By: Marc Yaggi
By Marc Yaggi, executive director of Waterkeeper Alliance. Originally published in The Hill.
This month in 1972, President Nixon vetoed the bipartisan Clean Water Act, deeming it “budget-wrecking.” A day later, however, Sen. Edmund Muskie (D-Maine) led the charge in the U.S. Congress to override the presidential veto — passing the 20th century’s landmark water protection legislation into law.
Under this law, all waters defined as “waters of the United States” (WOTUS) became federally protected against pollution under strict standards to protect drinking water, wildlife, recreation and many other uses. Thanks to the Clean Water Act, bodies of water like the Cuyahoga no longer catch on fire, bacteria levels in rivers like the Hudson, where levels once reached 170 times the legal limit, are substantially reduced and more than 700 billion pounds of toxic pollutants are prevented each year from being dumped into American waterways.
Yet — despite the success of the Clean Water Act — 48 years later, this monumental law is under assault.
The U.S. Environmental Protection Agency and the U.S. Army Corps of Engineers earlier this year finalized a new definition of WOTUS — undermining both science and the core principles of the Clean Water Act by dramatically reducing which American waterways are protected.
This administration’s new WOTUS definition has upended some 50 years of legal precedent and opened America’s aquatic ecosystems to the threat of toxic pollution and destruction.

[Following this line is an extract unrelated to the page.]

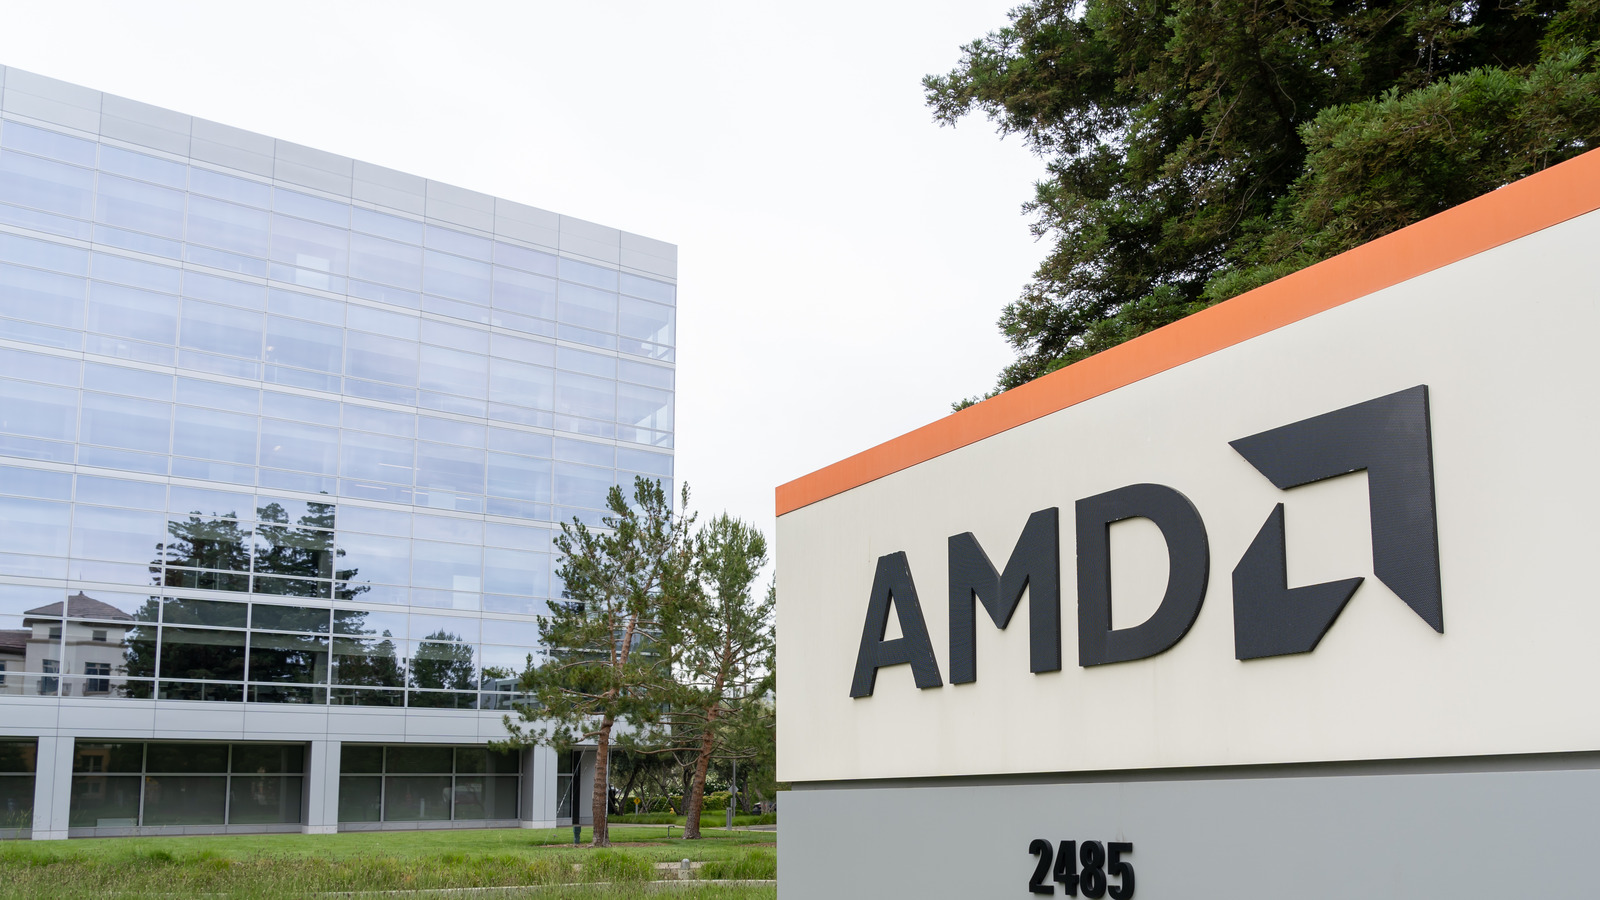 Aquí es donde se fabrican los procesadores y las tarjetas gráficas AMD
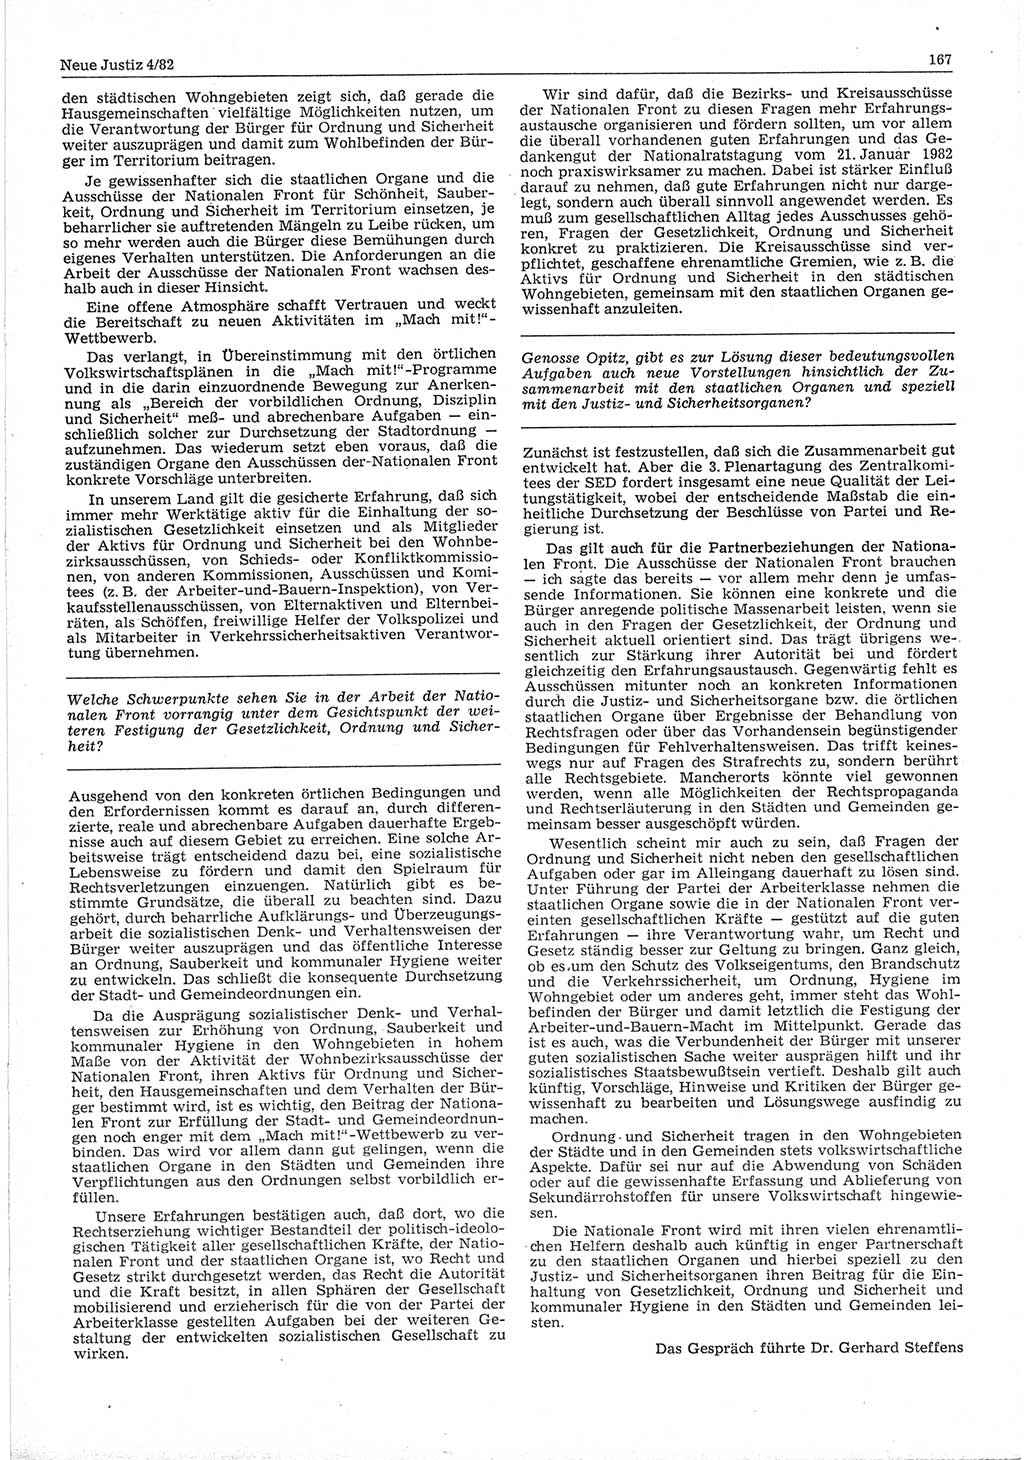 Neue Justiz (NJ), Zeitschrift für sozialistisches Recht und Gesetzlichkeit [Deutsche Demokratische Republik (DDR)], 36. Jahrgang 1982, Seite 167 (NJ DDR 1982, S. 167)

If 2020 has taught us anything, it’s that a healthy population is the infrastructure our economy is built upon, and a healthy population requires a healthy environment in which to live.
The World Health Organization finds that cleaner and safer water could prevent more than 2.5 million premature deaths annually and prevent some 10 million individuals from contracting chronic and severe illness.
Here in the United States, just one environmental regulation pertaining to clean and safe water — The Mercury and Air Toxics Standards for power plants — averts up to 11,000 premature deaths in the country each year and prevents 4,700 heart attacks and 130,000 asthma attacks annually. Concurrent with declines in mercury emissions, contaminant levels in air, water, sediments, loons, freshwater fisheries and Atlantic Ocean fisheries have decreased significantly. The Mercury and Air Toxics Standards rule is among more than 100 regulations that the Trump administration has been attempting to roll back since 2016.
The laws that govern our nation serve as the most immediate reflection of what we value as a people. When laws that protect our environment and ecosystems — and in turn protect the health of countless Americans — are slashed, it’s a clear sign that the value that we place on human life has deteriorated.
This conclusion becomes even more troubling when we consider the communities and neighborhoods most impacted by the environmental harms caused by pollution. From Flint, Mich., to “Cancer Alley” in Louisiana to Pahokee, Fla. — where residents wait annually for “black snow” to hit the neighborhood — these communities are home predominately to Black, Indigenous, People of Color (BIPOC). Amid this moment of national reckoning on systemic racism, we can and we must do better.
The fact of the matter is that every environmental regulation that is rolled back chips away at the health, humanity and longevity of communities across the planet. Forty-eight years after the passage of the Clean Water Act, we’re reminded of its heightened importance as we navigate a global pandemic and fend off coordinated legislative and regulatory efforts to undermine the very principles that have made the monumental law such a success.